READERS have their say on the issues which matter – February 13, 2013
Taxi driver has his say
I WRITE in reply to a letter printed in your edition dated February 6, 2013, composed by Lydia Hutchison, in which she raises her concerns over parking and driving standards at Craighead Primary School in Milton of Campsie.
While I agree with her that the parking outside the school at times leaves a lot to be desired, I feel that as I am the taxi driver that Ms Hutchison refers to that I aught to be afforded the right to reply.
I would like to point out that I am a parent of a primary school age child and am very aware of the dangers around local primary schools, and so unlikely to drive in a dangerous manner around a school.
Until the end of the last school year, school contract drivers picked up at the top car park at the school, a practice stopped by the school due to the re-location within the school of the children’s nursery. We were then told by the headteacher not to pick up at the library car park, but to park on the street.
Ms Hutchison suggests that school contract drivers arrive at the school before 3pm, I can assure her that although I always try to achieve this, due to circumstances this is not always possible.
She also suggests that on the day that she refers to, that I was driving without due care and attention.
Had this in fact been the case her daughter would in fact have been knocked over, but as I was edging out at the junction to see round an illegally parked car I was more than aware of the movements of the children, which included her daughter, who, while deep in conversation with another pupil stepped out in front of my car.
Maybe Ms Hutchison instead of making suggestions to road users should sit her daughter down and explain the dangers of not looking when crossing roads.

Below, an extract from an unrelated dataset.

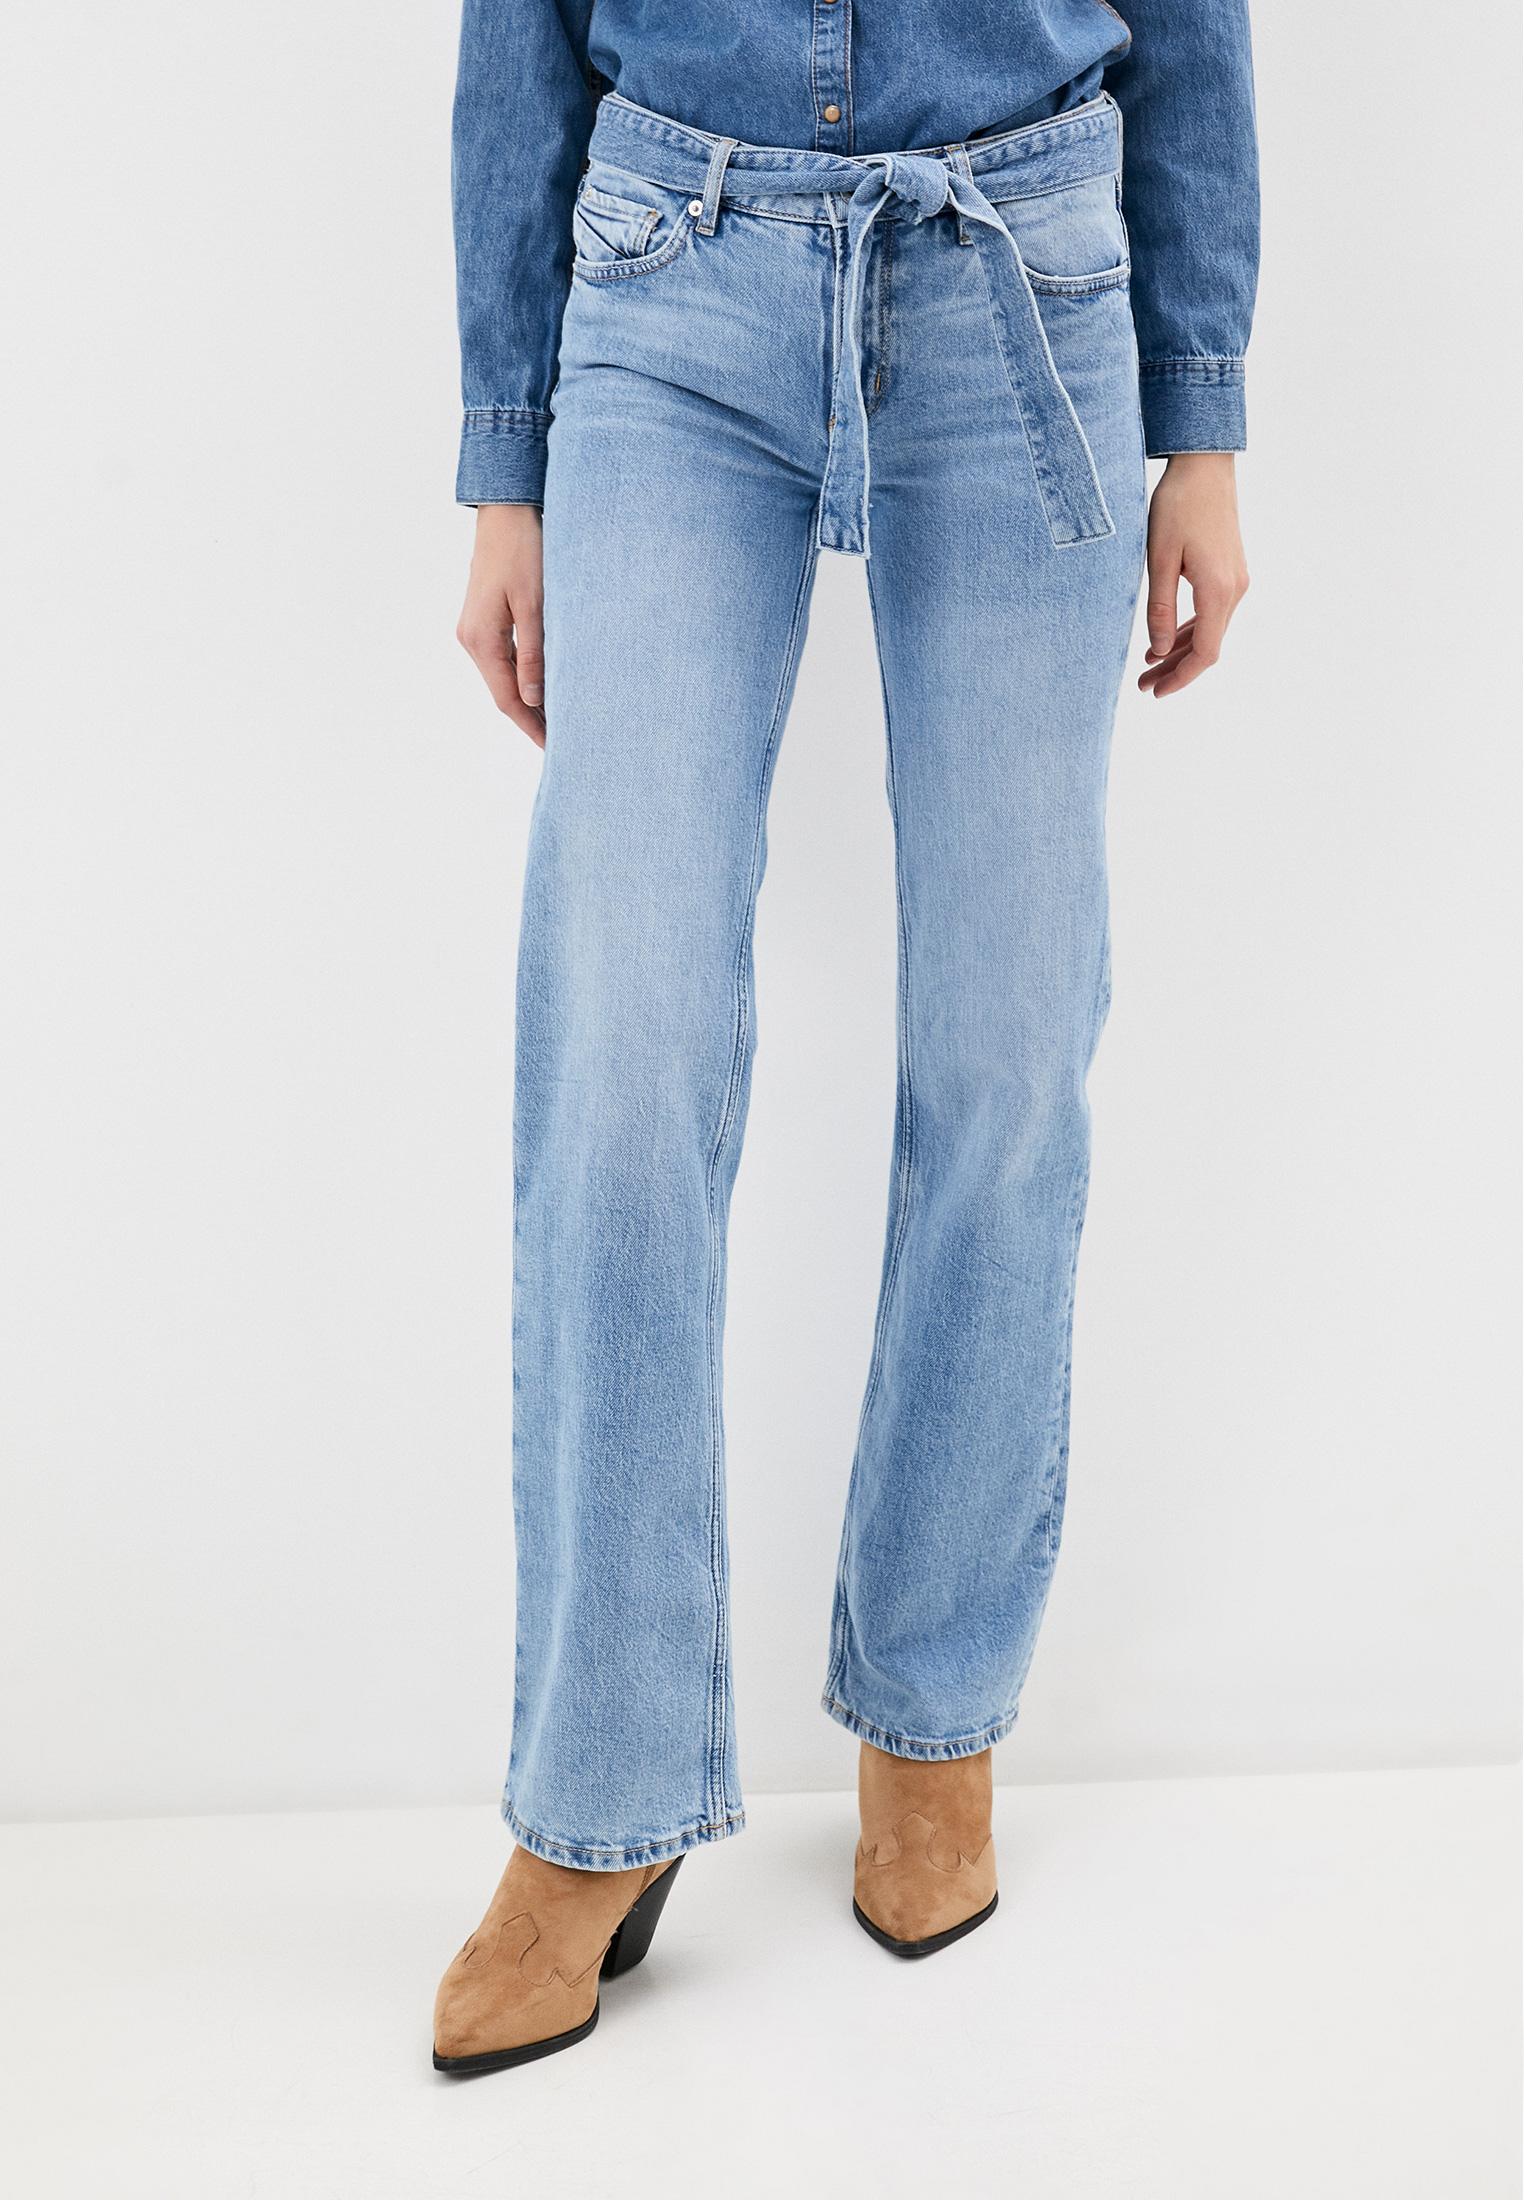 Прямые джинсы Q/S designed by 510.10.003.26.180.2006097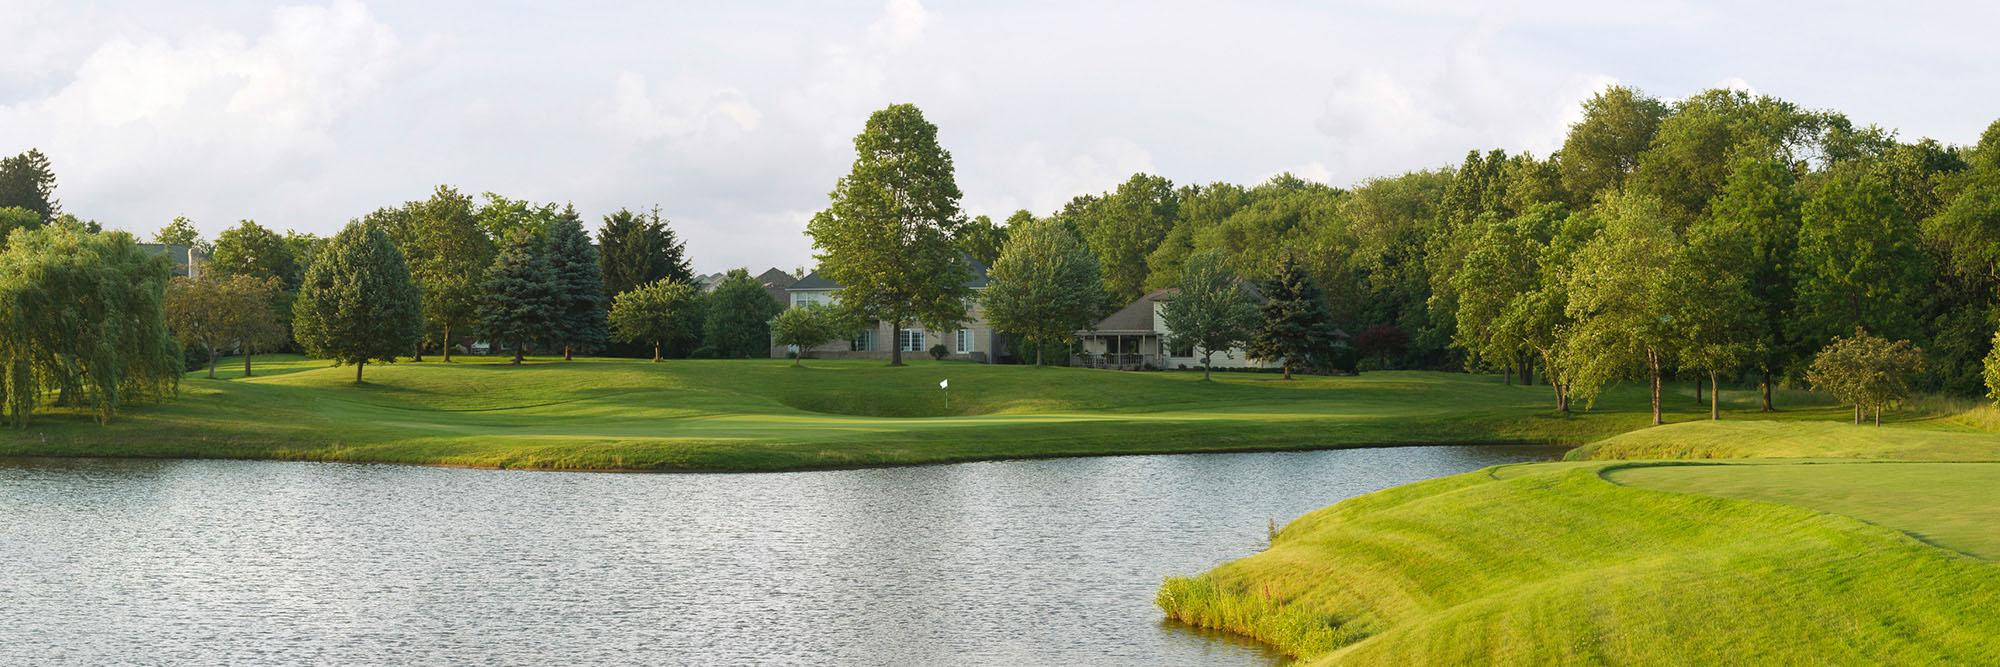 Golf Course Image - Glenmoor Country Club No. 14

School contracts are a vital way of getting children who live on farms and outlying areas to school safely, and are not causing the problems around schools. The problems are being caused by some parents reluctant to let their children walk to and from school.
I would like to end by saying that parking your car in nearby Scott Avenue does not give Ms Hutchison the right to claim the moral high ground, as she is adding to the problem rather than solving it, You couldn’t make it up.
Kirkintilloch Radio Cars,
ONCE again we have adverse weather conditions and East Dunbartonshire Council choose to grit one side of Auchinairn Road from Beech Road up towards Northgate Road.
Unfortunately for me I live on the ungritted side.
I telephoned the council the last time we had icy conditions to be told that they only do one side of the road.
I asked if someone could come out and grit my side of the footpath.
I was assured this would be passed on to the relevant person – needless to say the pavement never was gritted.
What is it going to take before this happens – somebody to slip and injure themselves, and the council to be taken to task as a result of their incompetence?
Tributes to former councillor
ON behalf of East Dunbartonshire Liberal Democrat Council Group and local party, I wish to thank members of our community who attended the funeral service of former Council Leader John Morrison on Saturday (February 2).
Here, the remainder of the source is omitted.